S3 Miscellaneous

S3 and Glacier Select¶

Performing queries on data to get filtered data instead of getting all the data to your application and then doing it.
This helps in saving both the bandwidth and the processing time
- Less data is coming out of S3 so low costs
- Processing is taking place on AWS side so you are saving costs on your CPU and increasing speed of the application.
We can filter using simple SQL statements
To perform an S3 select we need the bucket's name and the object key (full path).

Event Notifications¶

Whenever we perform some activity on S3 event notifications are generated if enabled. Like object removed, object added etc
We can also filter these events for a particular file type.
An example use case is generating thumbnails from images when they are uploaded to S3.
The target listeners (only 4) to these events can be
- SQS
- SNS
- Lambda functions
- Event Bridge
Generally the notifications are delivered in a second but sometimes it can take minutes

For best performance and making sure you get the event enable versioning. Why?
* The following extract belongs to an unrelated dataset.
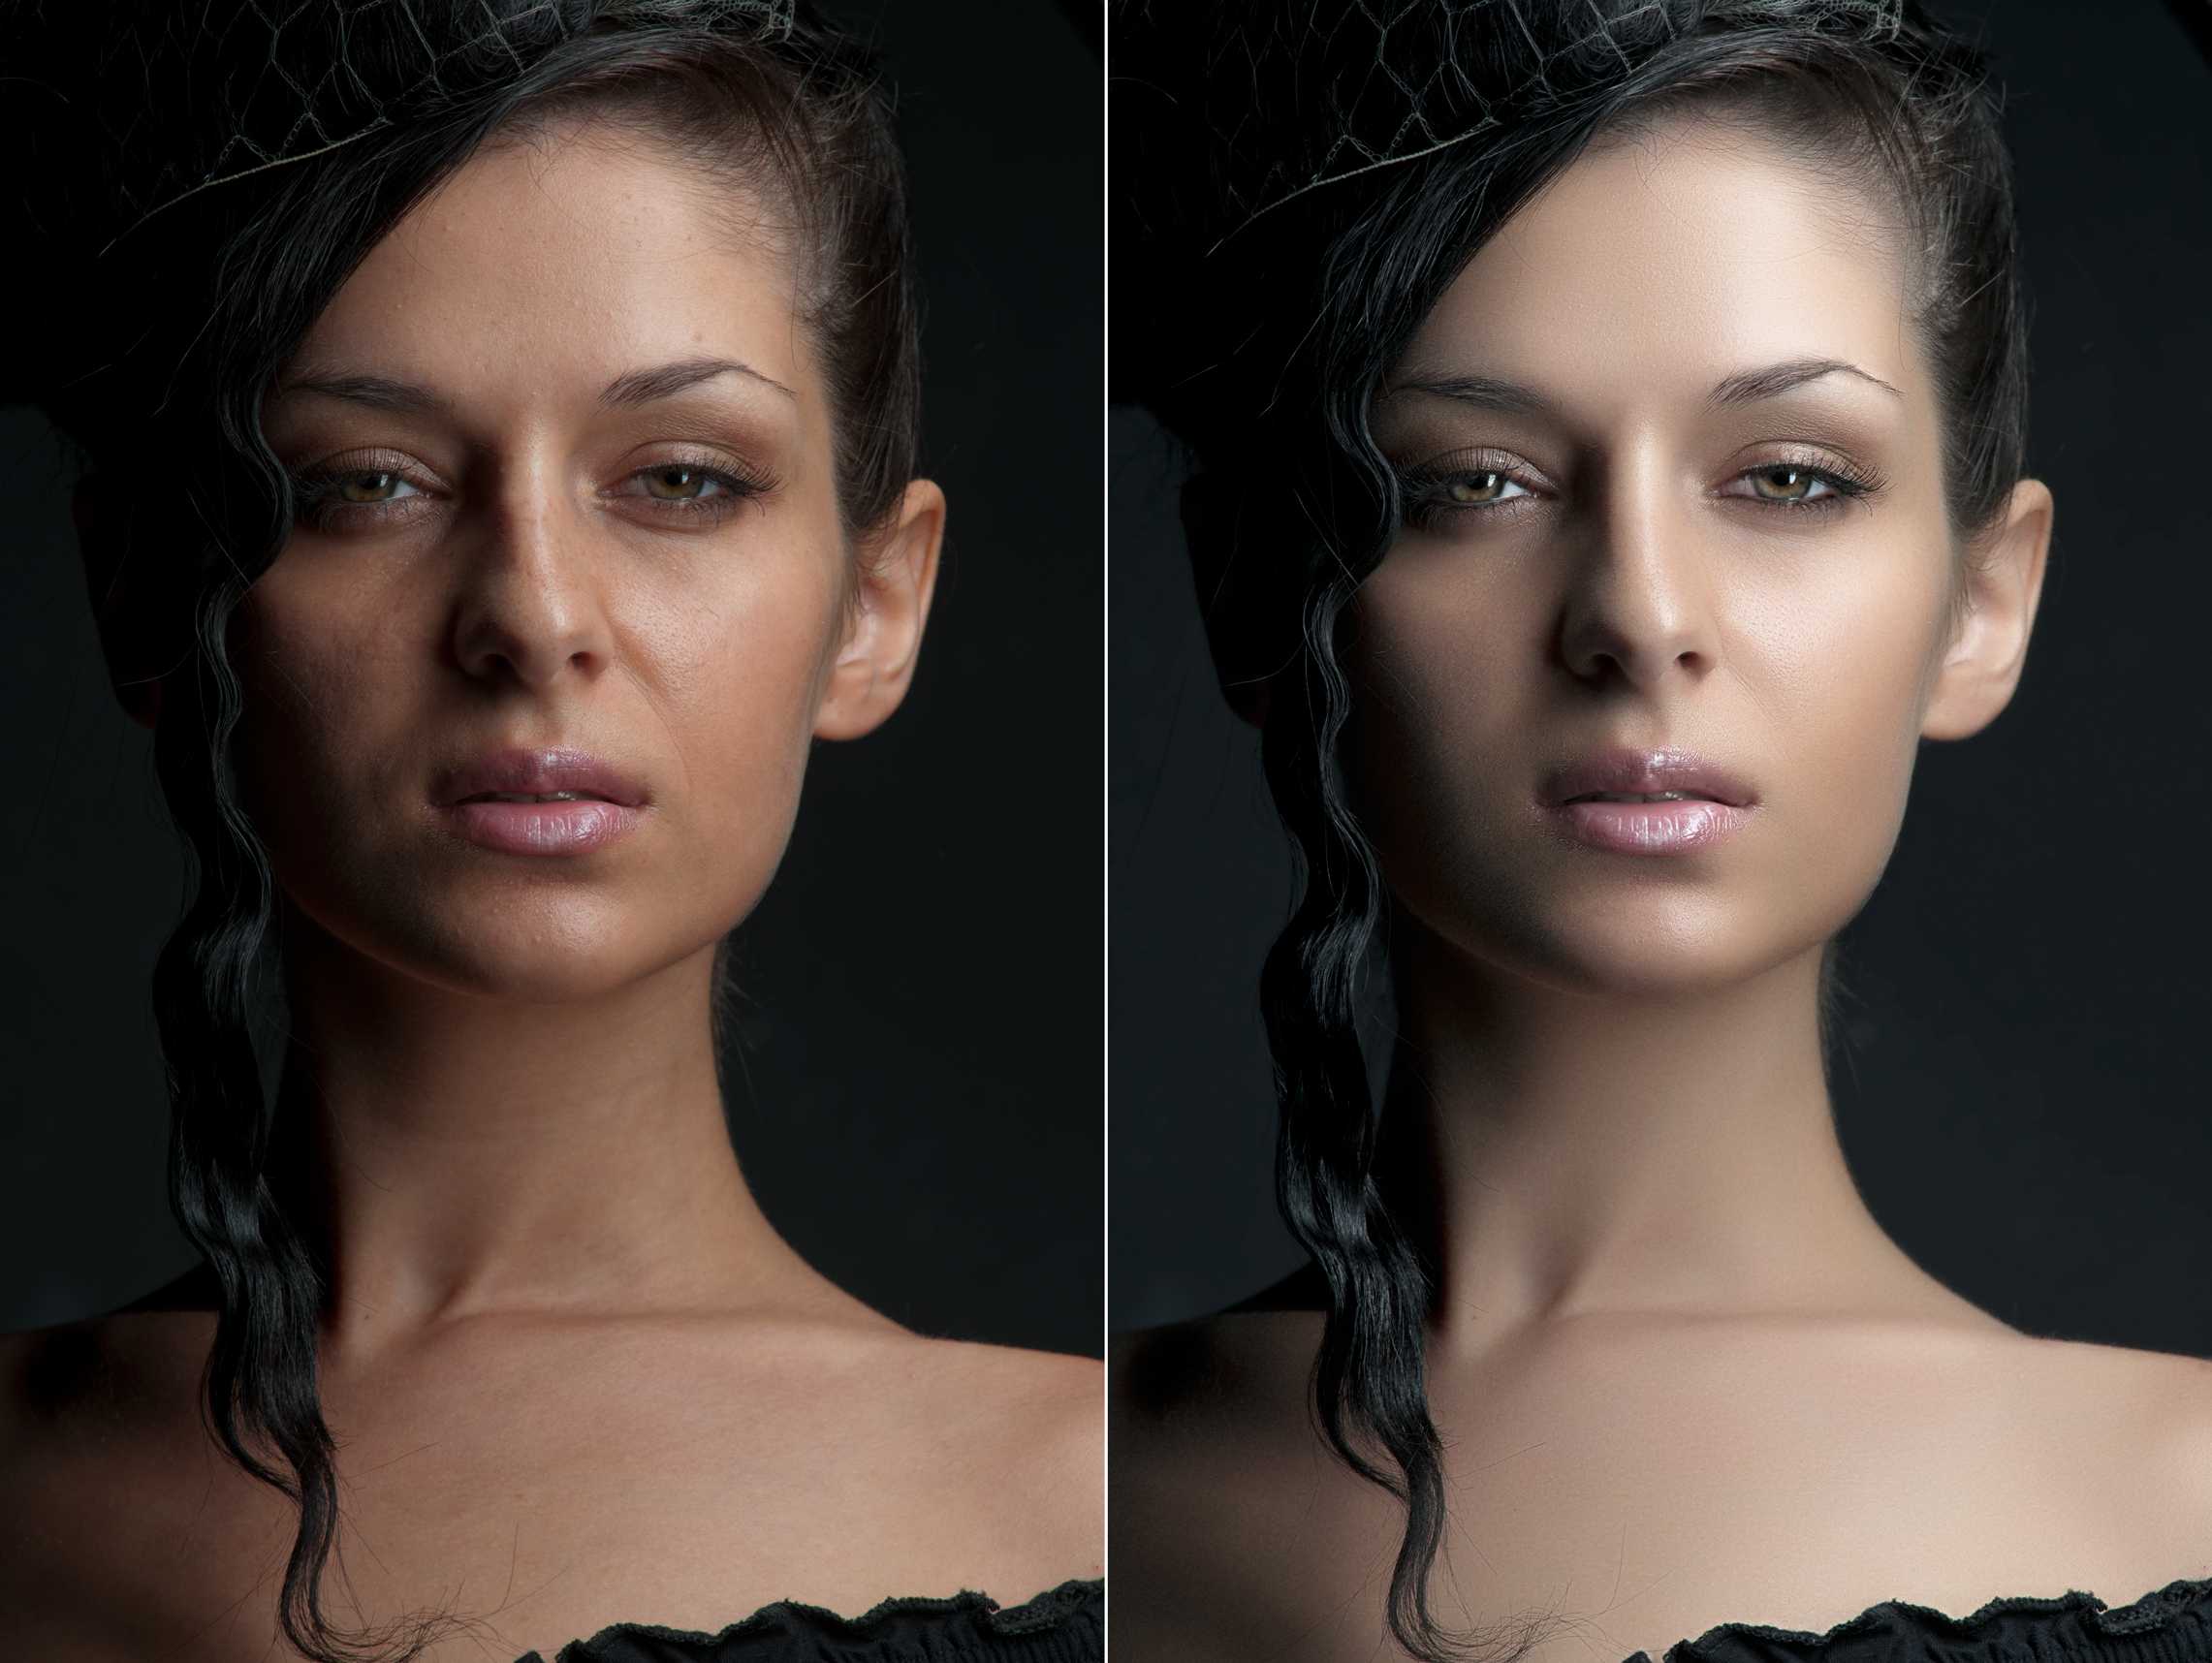 Ретушь женского портрета по технике dodge&burn: метод кривых / съёмка для начинающих / уроки фотографии

Your team-mate has configured an Amazon S3 event notification for an S3 bucket that holds sensitive audit data of a firm. As the Team Lead, you are receiving the SNS notifications for every event in this bucket. After validating the event data, you realised that few events are missing. What could be the reason for this behaviour and how to avoid this in the future?
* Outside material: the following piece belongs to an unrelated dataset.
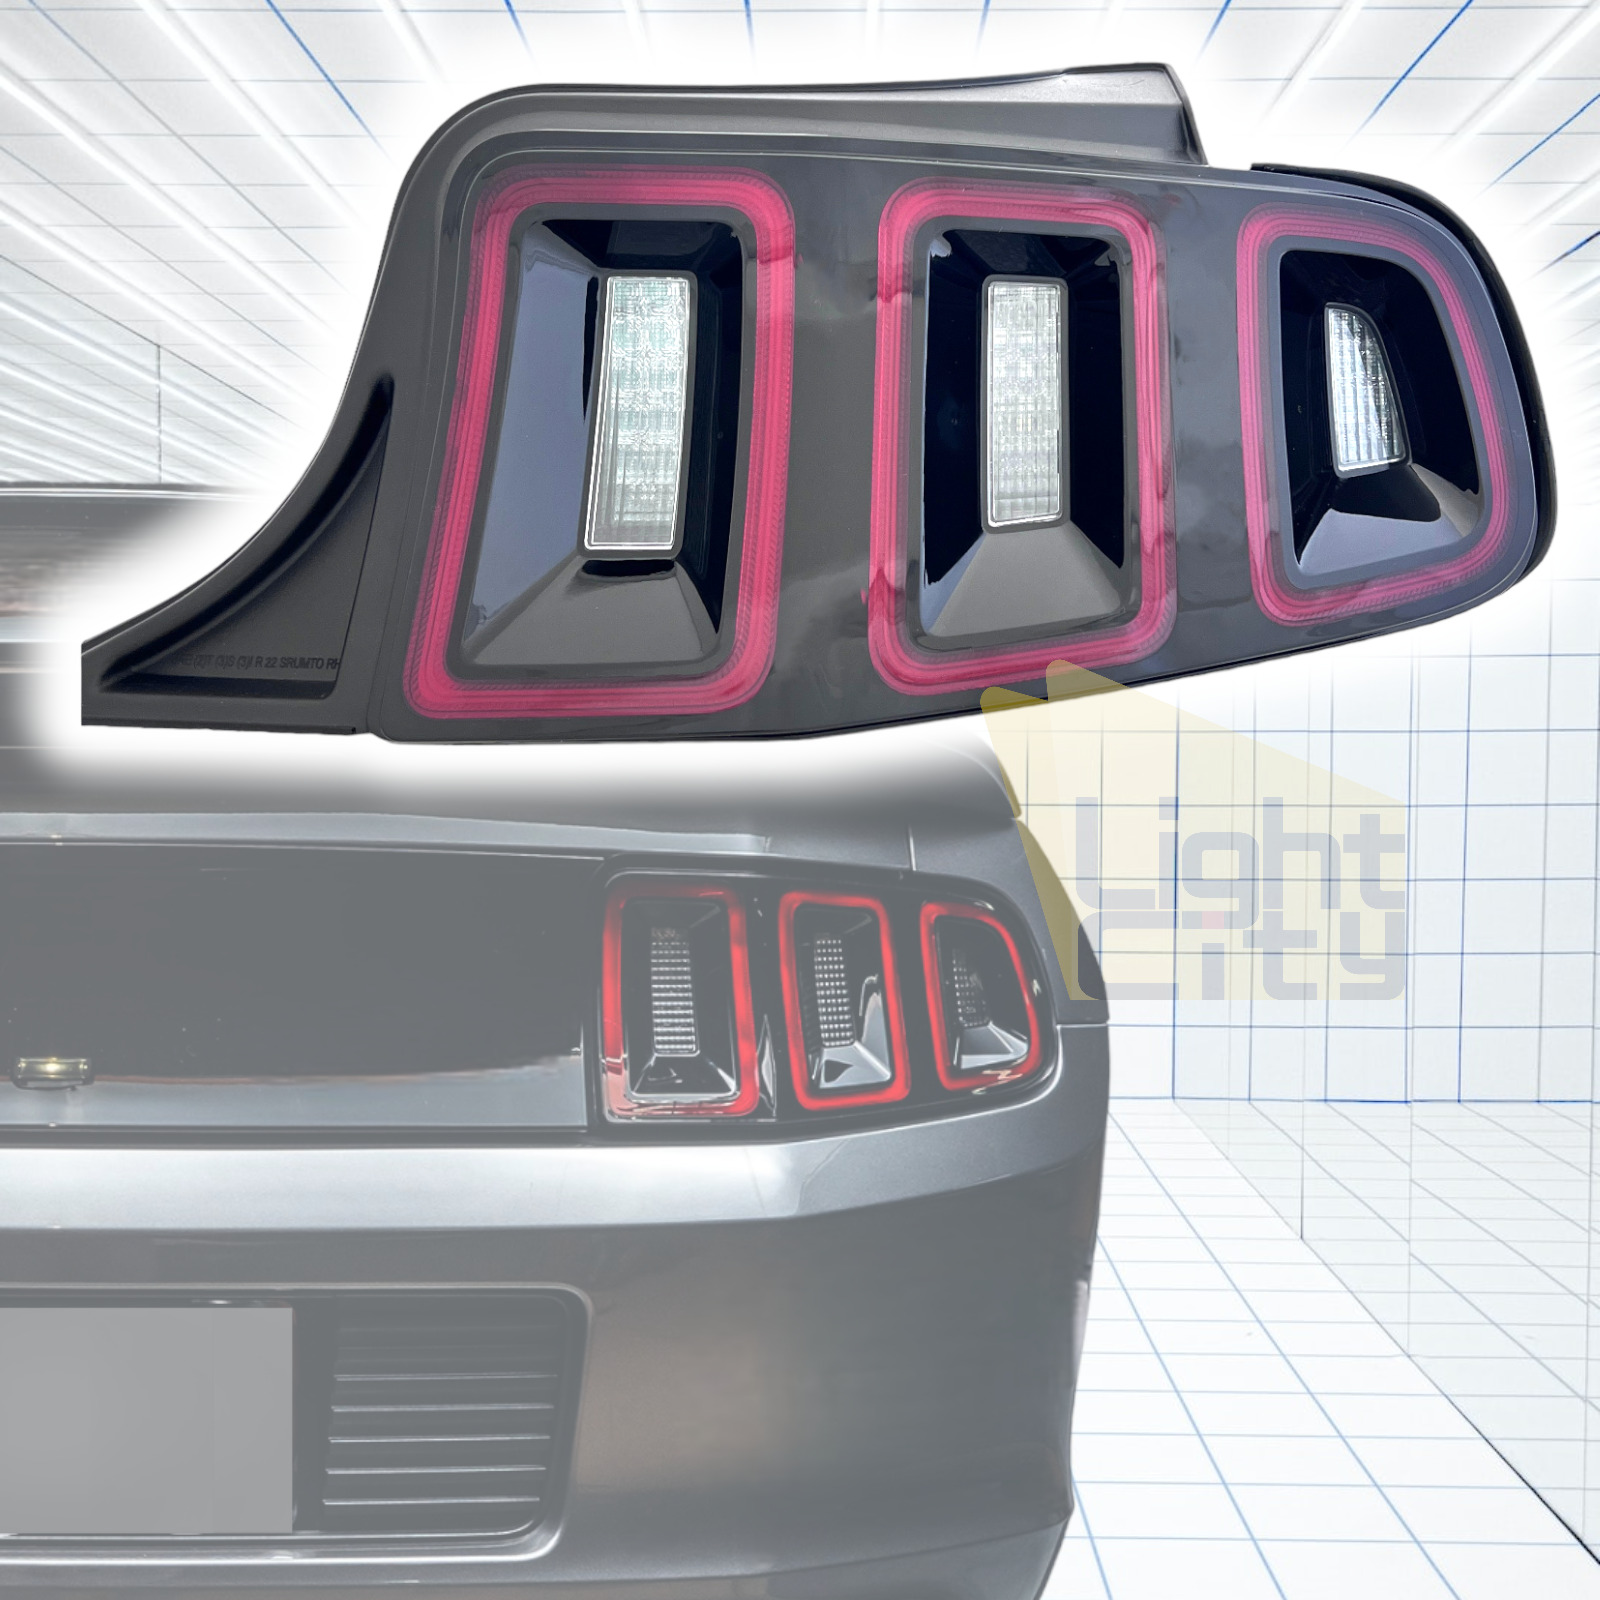 [FULL LED] For 2013-2014 Ford Mustang Factory Style Passenger Side Tail Light RH

If two writes are made to a single non-versioned object at the same time, it is possible that only a single event notification will be sent. Solution is to enable versioning.

Only normal SQS is allowed. SQS FIFO is NOT allowed.

S3 Inventory¶

List objects and their corresponding metadata
- Alternative to S3 List API operation
Usage examples:
- Audit and report on the replication and encryption status of your objects
- Get the number of objects in an S3 bucket
- Identify the total storage of previous object versions
Output files: CSV, ORC, or Apache Parquet
We can generate daily or weekly reports.
You can query all the data using Amazon Athena, Redshift, Presto, Hive, Spark, etc.
You can filter generated report using S3 Select
Use cases: Business, Compliance, Regulatory needs.
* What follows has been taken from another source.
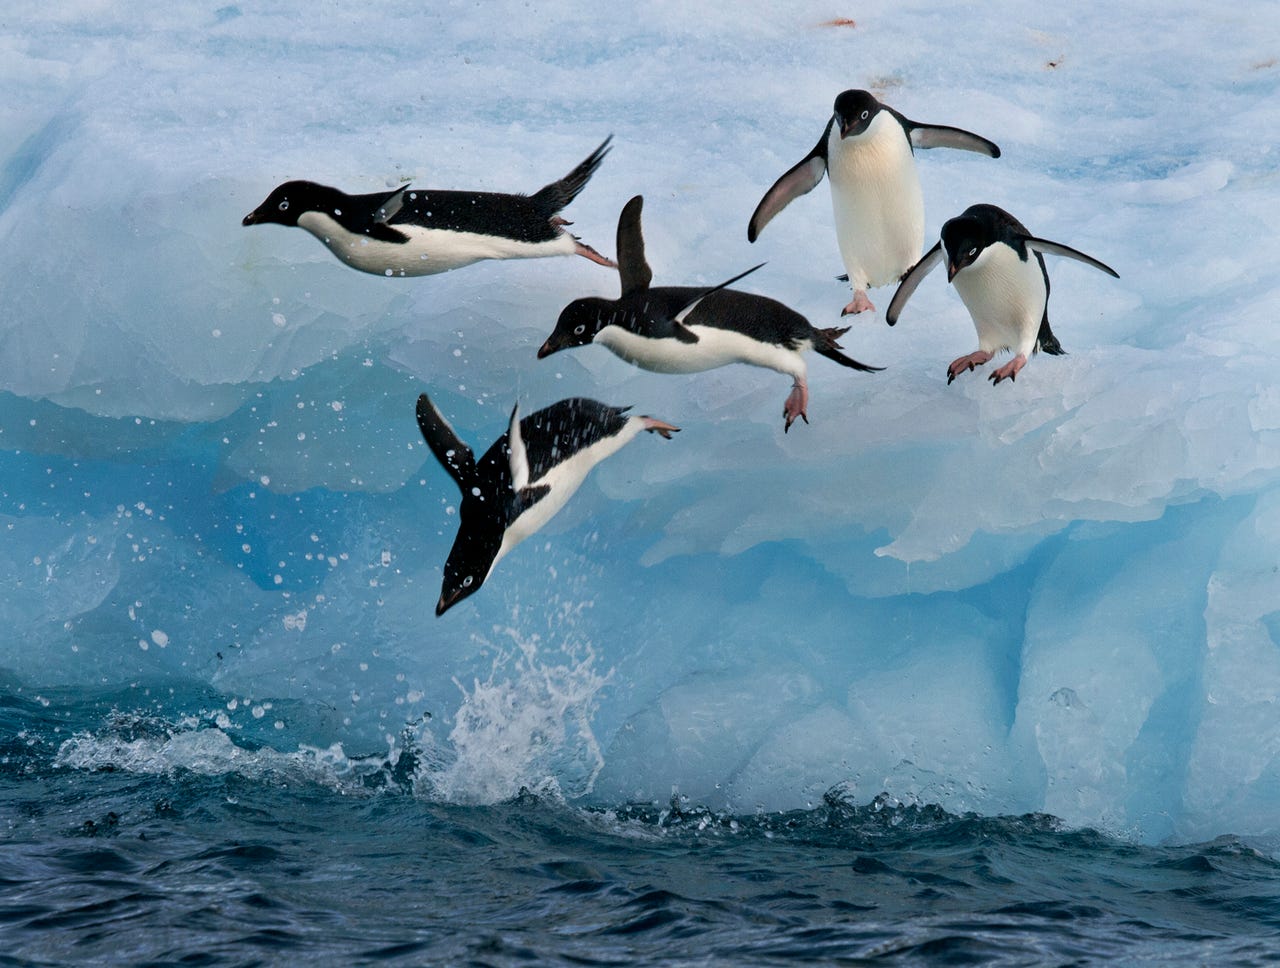 Cerca del extremo norte de la península Antártica, un grupo de pingüinos Adelia se lanzan desde un iceberg a las gélidas aguas del océano.

An IT company extensively uses Amazon S3 buckets for storage, hosting, backup and compliance specific replication. A Team Lead has reached out to you for creating a report that lists all the objects that have failed replication in the S3 buckets that the project manages. This process needs to be automated as the Team Lead needs this list daily. As a SysOps Administrator, how will you configure a solution for this request?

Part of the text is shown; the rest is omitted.